4. Trust by design. Financial institutions need to ensure compliance with evolving data rules, including privacy, consent and localization rules across the APAC region, as well as new AI guidelines. They must also build trust among users of the data marketplace, e.g., by ensuring that the data they access is fit for purpose. Meanwhile, data owners need to know that access permissions are controlled and that data cannot be misused. Data marketplaces must therefore embed clear standards by design in areas such as regulatory compliance, governance, baseline data quality and associated checks, policy-based access controls, data masking, and well-controlled underlying workflows. There should be clarity over where data comes from, who owns it and how it should be used. User confidence can be increased through mechanisms such as trust scores, lineage tracking, end-to-end traceability, audit logs, SLAs and automated procedures — as well as through the clear delineation of roles and accountability.

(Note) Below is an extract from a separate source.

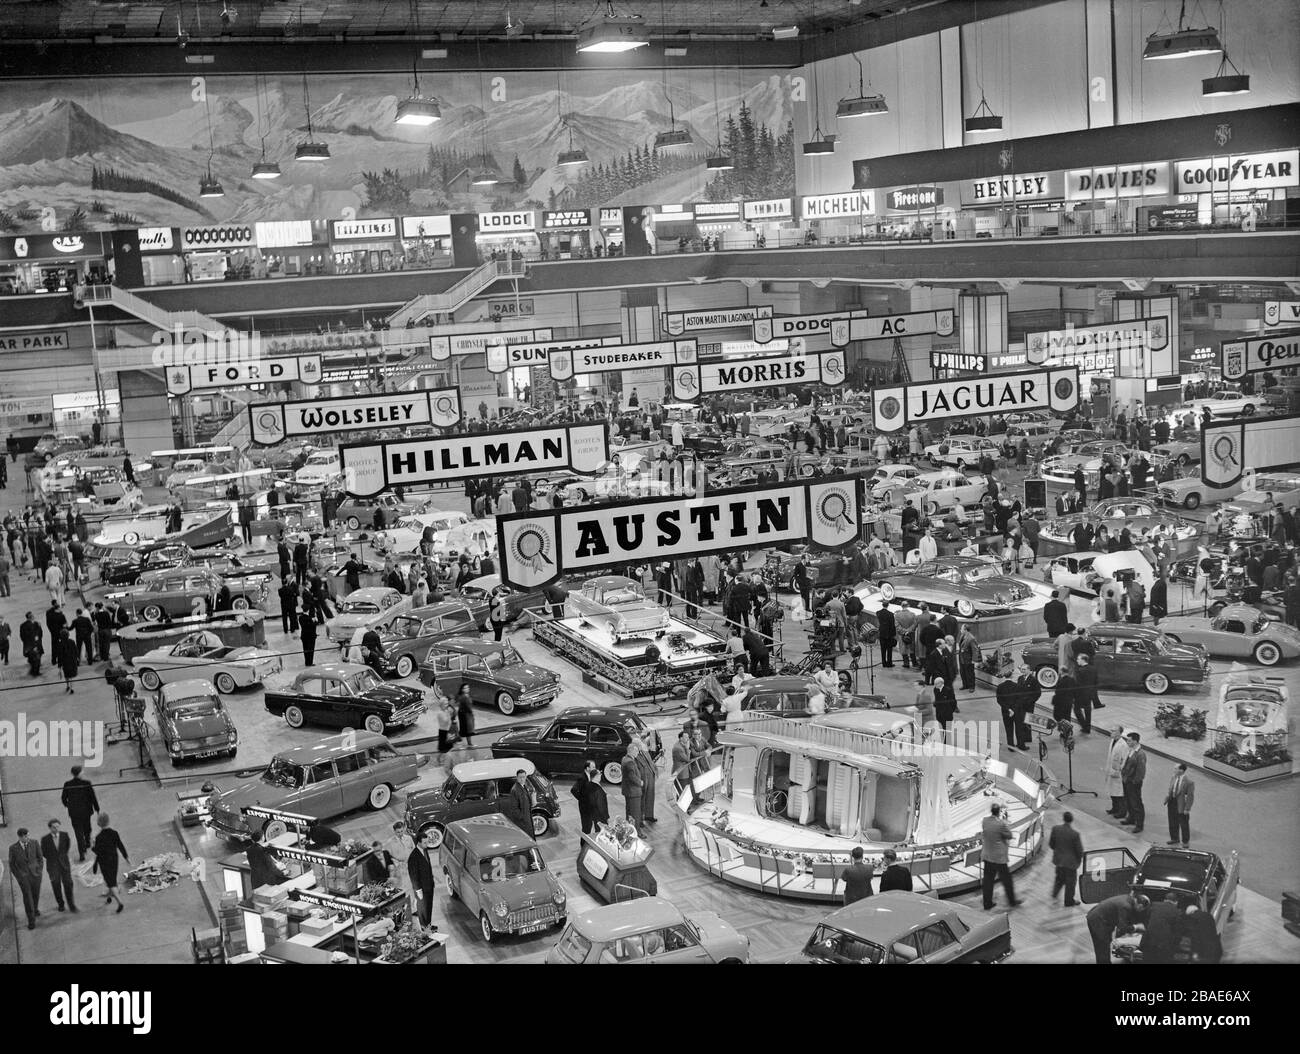 Photo noir et blanc vintage montrant une vue sur le London Motor Show à Earls court en 1961. Les fabricants visibles sont Jaguar, Austin, Hillman, Wolseley, Ford, Morris, Studebaker, Sunbeam, Vauxhall, AC, Dodge. Banque D'Images

5. Foster data sharing. Data marketplaces are about changing how people work and innovate. The effort begins with designing the new data marketplace around user needs. However, it should continue by training staff to use the marketplace, encouraging them to overcome entrenched data practices, and tracking marketplace adoption. One of the great advantages of a well-designed data marketplace is that it brings data users and owners together. This gives them a degree of social visibility with opportunities to find out what works best — and easy-to-use channels through which business domains, data scientists and engineers can collaborate and share ideas.
Successful CDOs have moved beyond simply mitigating data risks and are now shaping corporate direction by ensuring that businesses and functions can access actionable intelligence. Modern data marketplaces offer a key capability in this regard, helping unite the CDO’s data risk management and value-creation functions.

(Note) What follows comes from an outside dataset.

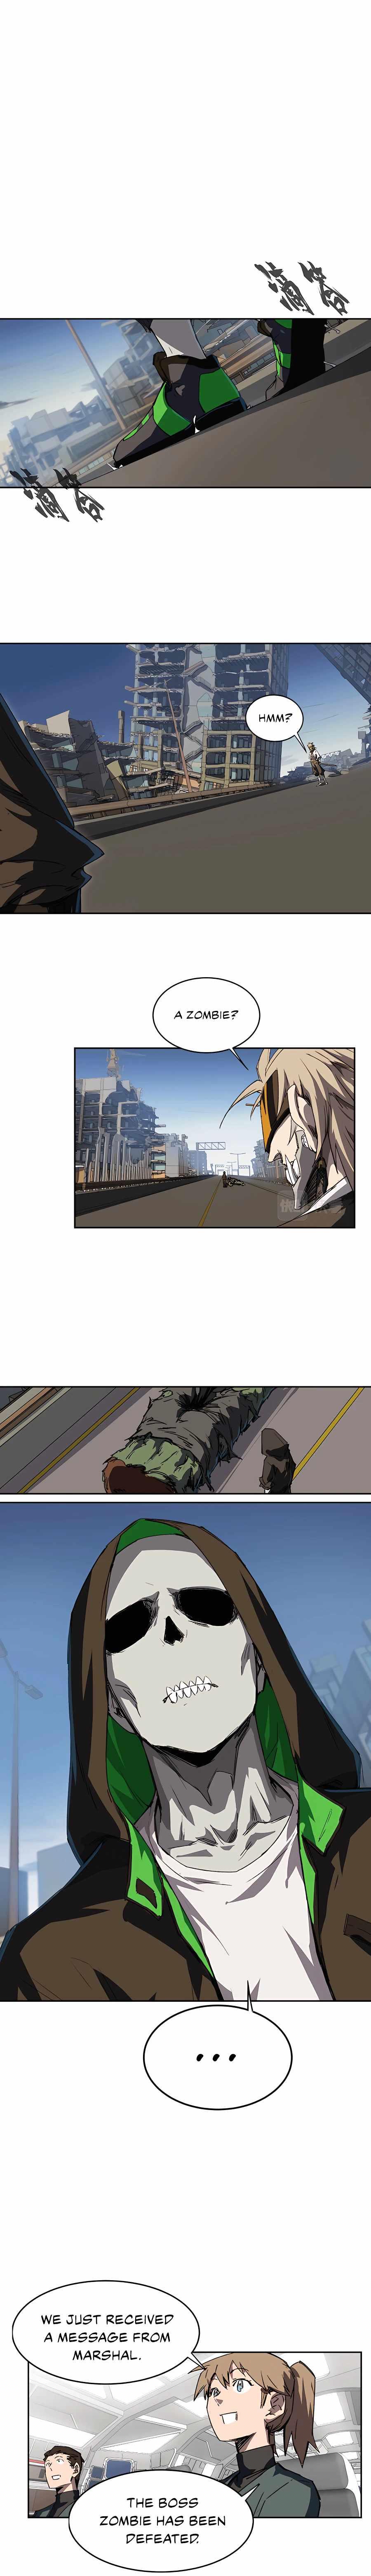 Mr. Zombie Chapter 4 page 12 - Mangakakalot

Data marketplaces do not have to be Big Bang investments, nor do they depend on institutions having already developed a large set of data products. Instead, data marketplaces designed according to these five principles can adopt a phased approach to expanding data access, integrating data use into business workflows, and fostering a data-sharing culture across the enterprise.
The views and opinions expressed in this article are those of the author and do not necessarily reflect those of CDOTrends. Image credit: iStockphoto/Ahmad Bilal
Bertie Haskins, Capco
Bertie Haskins is a partner and head of data for APAC at Capco, with over 13 years of experience in building and implementing data functions across financial services. He specializes in data maturity assessments, operating model design and data management operations within Tier 1 financial institutions and in leading global & regional data teams in implementing data solutions.